# slight jealousy with peggy



## crazy lady (Jan 19, 2012)

i hope i have put this in the right place.
peggy is 7, and very much my girl, we did have another dog, who died when she was 1 yr, and i have had a tibetan terrier come to stay here a few times, for a few days.
she has been a star with murphy, as you can imagine has come in and turned ours and her life topsy turvey. well a couple of times, when i have been making a big fuss of her, sitting on the floor, he has come up to join in, and she has really told him off, which i completely understand, i have dealt with this by gently moving him away with my other hand, telling her to be good , but not letting my hold on her go, i watch to see when her mood has passed then let her go where is is once again fine with him, and will play straight away . does it sound as if i am doing the right thing? should i stop cuddling her where he can come up and try to be part of it? i never tell her off when she does this, as she has always been my girl, and 99%of the time is an angel with him, and has been so kind to him.


----------



## LisaVonH (Mar 17, 2012)

watching this post with great interest. my jealous 13 year old jack drew blood on my very naughty puppy yesterday  not quite sure how to plat it really.....


----------



## kendal (Jul 16, 2009)

If im honest this happens with me , 4 cockapoos all wanting cuddles at the same time. echi often gets a bit gowly as she is my gilr and even if im cuddling one of tgem she will mussle in.

if she gets growly its her i removev and give affection to one othe the others. she needs to learn she doesnt own me. and she is getting better. 

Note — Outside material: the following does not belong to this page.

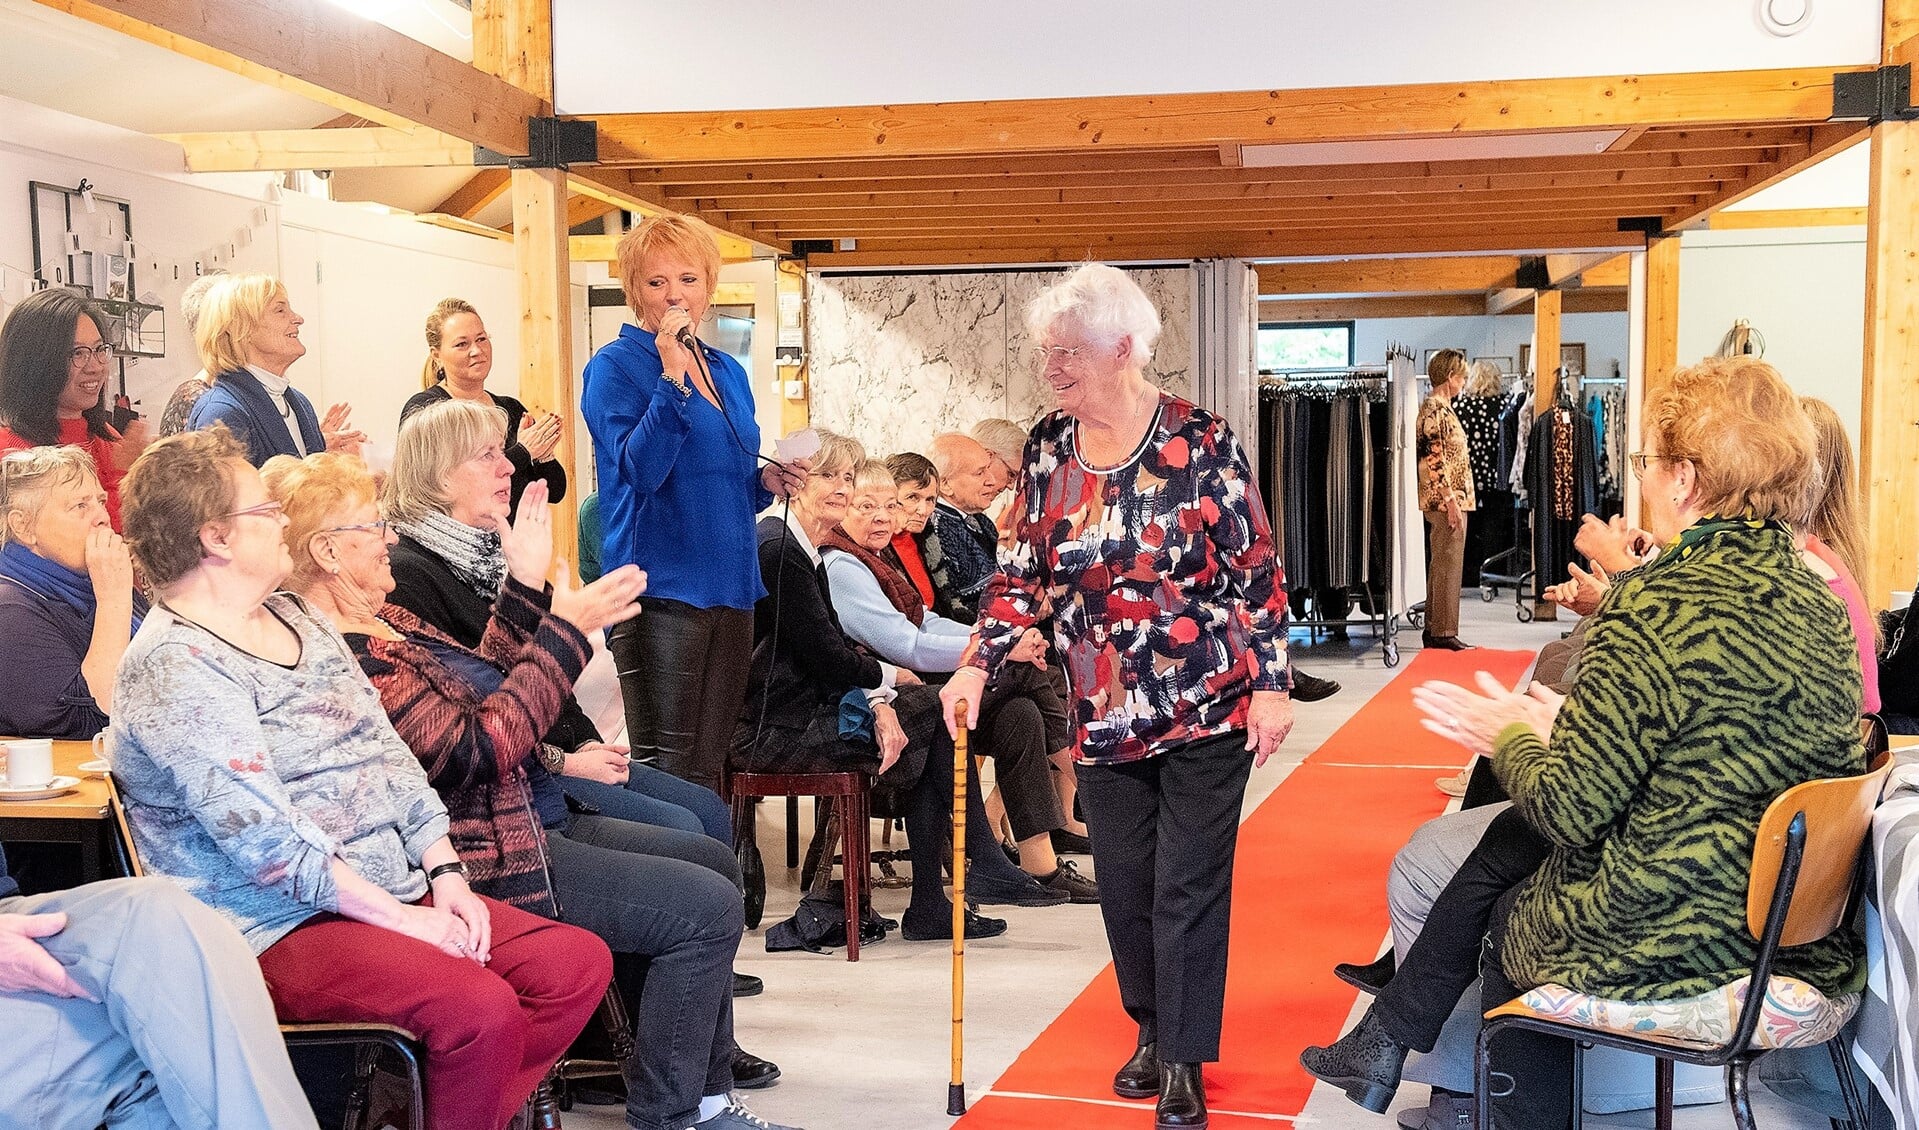 Er werd verwachtingsvol uitgekeken werd naar de mannequins: zes deelnemers aan de Koffieochtend tussen de 70 en 93 jaar die op hun eigen wijze op de muziek over de rode loper liepen (foto: Michel Groen).

you if she growls i would move her back.


----------



## crazy lady (Jan 19, 2012)

kendal said:


> If im honest this happens with me , 4 cockapoos all wanting cuddles at the same time. echi often gets a bit gowly as she is my gilr and even if im cuddling one of tgem she will mussle in.
> 
> if she gets growly its her i removev and give affection to one othe the others. she needs to learn she doesnt own me. and she is getting better.
> 
> you if she growls i would move her back.


thank you for your advice, 
as she has been so good , and lets him have her bed, look in her food bowl once she has finished, i thought i was doing the right thing by letting her have some fuss without him muscling in? she still has one walk a day without him, and it is not always me who takes her, perhaps if i gently move her away, make a fuss of him ,a nd then ask her to join us? i really want to get this right, as want them to live in dog harmony together,


----------



## crazy lady (Jan 19, 2012)

LisaVonH said:


> watching this post with great interest. my jealous 13 year old jack drew blood on my very naughty puppy yesterday  not quite sure how to plat it really.....


i hope the advice i get helps you too, can be quite stressful at times cant it?


----------